You know what does continue to leach out of the walls no matter how many times you've cleaned? Tobacco stains! And I know the previous tenants smoked in there. A lot. And probably didn't bother cleaning at all (what's the point if you're just going to have another cigarette after you're done?).

Also, and I know I've said bad things about the landlord/property manager, but really, would you just leave bloodstains on the cabinetry if you were trying to rent the place? Really? I mean, come on. Let's not forget that since the last tenants were not slaughtered in there (there were six of them, though, and when they moved out they stole the fridge and some other stuff, so no doubt the landlord wishes they were dead) they would have had to have lived there for three or four years without once bothering to clean off the blood stains.

If that seems plausible to you please lay down the crack pipe and check yourself in to the clinic.

Still, although she was flighty and given to fears about ghosts and murders in her home, she didn't seem like a bad neighbor. As a rule, most any neighbor is better than a vacant house. I used to believe that was a general truth of the world. Oh well; live and learn.

Trespassing!

Oh my! So much goes on with this neighbor I can't keep up. I'm going to jump to yesterday's excitement before I back up. Yesterday, Code Enforcement was out to cite her and her live-in for A)storing their household trash outdoors on their property (yes, Virginia, that is illegal) and then for burning said household trash (which they did Monday, pictures coming!).
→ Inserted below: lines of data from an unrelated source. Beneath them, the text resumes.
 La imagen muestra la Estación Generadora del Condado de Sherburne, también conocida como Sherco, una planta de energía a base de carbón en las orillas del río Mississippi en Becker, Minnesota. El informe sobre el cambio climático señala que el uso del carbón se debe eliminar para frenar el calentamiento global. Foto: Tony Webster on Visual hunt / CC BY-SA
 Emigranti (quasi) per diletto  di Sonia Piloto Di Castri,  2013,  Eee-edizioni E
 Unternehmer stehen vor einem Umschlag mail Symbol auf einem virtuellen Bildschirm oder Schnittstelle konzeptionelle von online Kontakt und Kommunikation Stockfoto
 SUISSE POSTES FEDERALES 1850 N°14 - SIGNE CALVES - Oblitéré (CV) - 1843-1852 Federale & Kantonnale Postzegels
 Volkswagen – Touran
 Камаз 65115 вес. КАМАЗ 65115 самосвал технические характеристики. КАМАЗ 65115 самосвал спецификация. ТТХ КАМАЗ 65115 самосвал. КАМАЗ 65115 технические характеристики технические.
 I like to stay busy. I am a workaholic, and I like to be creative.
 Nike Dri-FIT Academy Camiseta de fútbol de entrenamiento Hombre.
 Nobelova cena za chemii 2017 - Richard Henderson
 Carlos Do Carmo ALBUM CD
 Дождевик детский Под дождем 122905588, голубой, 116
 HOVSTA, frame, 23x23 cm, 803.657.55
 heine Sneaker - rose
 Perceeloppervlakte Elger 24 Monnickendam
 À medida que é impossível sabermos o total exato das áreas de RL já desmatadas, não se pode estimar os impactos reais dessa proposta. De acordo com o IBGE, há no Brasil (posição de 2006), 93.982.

Moments after Code Enforcement left, shock of shocks!, she called the police and complained that I had trespassed on her property!

She claimed I just "walked right in" to her house on Tuesday. I knocked on her kitchen door. The kitchen door is immediately inside the laundry room, the door to which she always leaves open (as you can see in this picture here), even when she goes away during the day (to buy her crack or whatever it is that she does; I assure you she's not working in any legally recognized sense). You don't actually have to step inside the house to knock on the kitchen door, but she used this as a pretense to claim I was trespassing on "her" "property" (which she doesn't own, of course).

Oy. The officer who came out was very nice and suggested I at least try to "keep the peace a little" between us, but that was all. They talk to a lot of drug users. They know. After all the last thing I want is them breaking into my house to steal things to support themselves.

Before I go I'd like to mention that this has been a full week for the county's law enforcement agencies, with visits from three different ones to the same address--code enforcement, followed by the sherriff's office, and then animal control today. And since these people moved in, there's been a call to some such agency or another on about a bi-weekly basis. Before that--in all the time we lived here before she moved in--nobody on this street ever called out anybody. It's a good, safe, friendly neighborhood; the people are friendly, the dogs are friendly, we all respect one another's property but don't fear crossing through a yard or knocking on a door. It's life in rural America. Then the drug addicts move in, and it all goes to shit. Smittywife noted yesterday that she's sick of that woman (our neighbor) ruining her days off, and I agree.